After two days of happy intercourse with the Samaritans Jesus continues His journey to Galilee. The proverbial expression which our Lord used regarding His relation to Galilee – that a prophet has no honour in his own country – is one we have frequent opportunity of verifying. The man that has grown up among us, whom we have seen struggling up through the ignorance, and weakness, and folly of boyhood, whom we have had to help and to protect, can scarcely receive the same respect as one who presents himself a mature man, with already developed faculties, no longer a learner, but prepared to teach. Montaigne complained that in his own country he had to purchase publishers, whereas elsewhere publishers were anxious to purchase him. “The farther off I am read from my own home,” he says, “the better I am esteemed.” The men of Anathoth sought Jeremiah’s life when he began to prophesy among them.

It is not the truth of the proverb that presents any difficulty, but its application to the present case. For the fact that a prophet has no honour in his own country would seem to be a reason for His declining to go to Galilee, whereas it is here introduced as His reason for going there. The explanation is found in the beginning of the chapter, where we are told that it was in search of retirement He was now leaving the popularity and publicity of Judæa, and repairing to His own country.

But, as frequently on other occasions, He now found that He could not be hid. His countrymen, who had thought so little of Him previously, had heard of His Judæan fame, and echoed the recognition and applause of the south. They had not discovered the greatness of this Galilean, although He had lived among them for thirty years; but no sooner do they hear that He has created a sensation in Jerusalem than they begin to be proud of Him. Every one has seen the same thing a hundred times. A lad who has been despised as almost half-witted in his native place goes up to London and makes a name for himself as poet, artist, or inventor, and when he returns to his village everybody claims him as cousin. Such a change of sentiment was not likely to escape the observation of Jesus nor to deceive Him. It is with an accent of disappointment, not unmingled with reproach, that He utters His first recorded words in Galilee: “Except ye see signs and wonders, ye will in no wise believe.”

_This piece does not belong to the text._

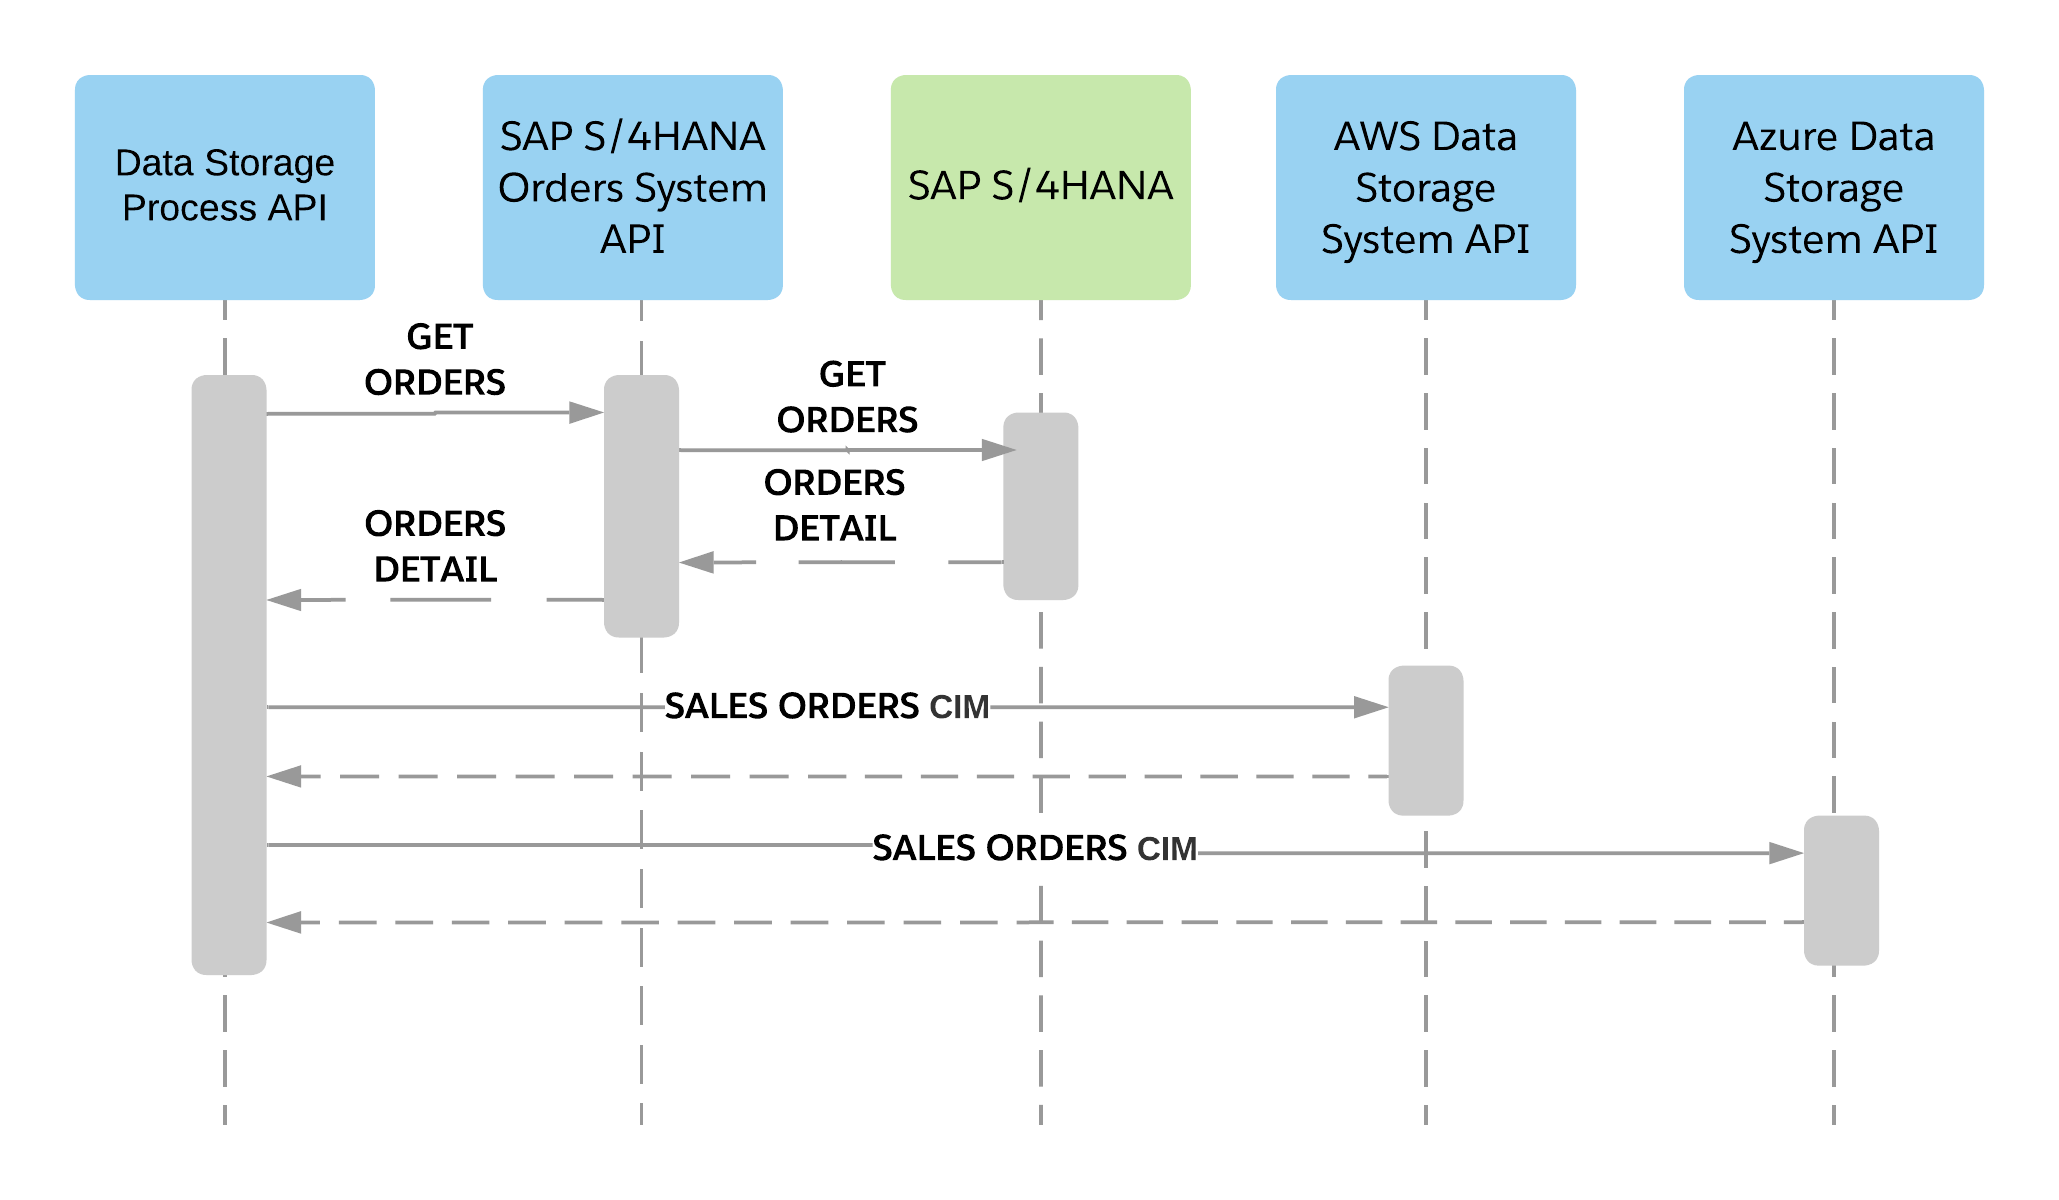 sap-datalakes-batch-sap-orders-sequence-diagram.png

This sets us in the point of view from which we can clearly see the significance of the one incident which John selects from all that happened during our Lord’s stay in Galilee at this time. John wishes to illustrate the difference between the Galilean and the Samaritan faith, and the possibility of the one growing into the other; and he does so by introducing the brief narrative of the courtier from Capernaum. Accounts, more or less accurate, of the miracles of Jesus in Jerusalem had found their way even into the household of Herod Antipas. For no sooner was He known to have arrived in Galilee than one of the royal household sought Him out to obtain a boon which no royal favour could grant. The supposition is not without plausibility that this nobleman was Chuza, Herod’s chamberlain, and that this miracle, which had so powerful an effect on the family in which it was wrought, was the origin of that devotion to our Lord which was afterwards shown by Chuza’s wife.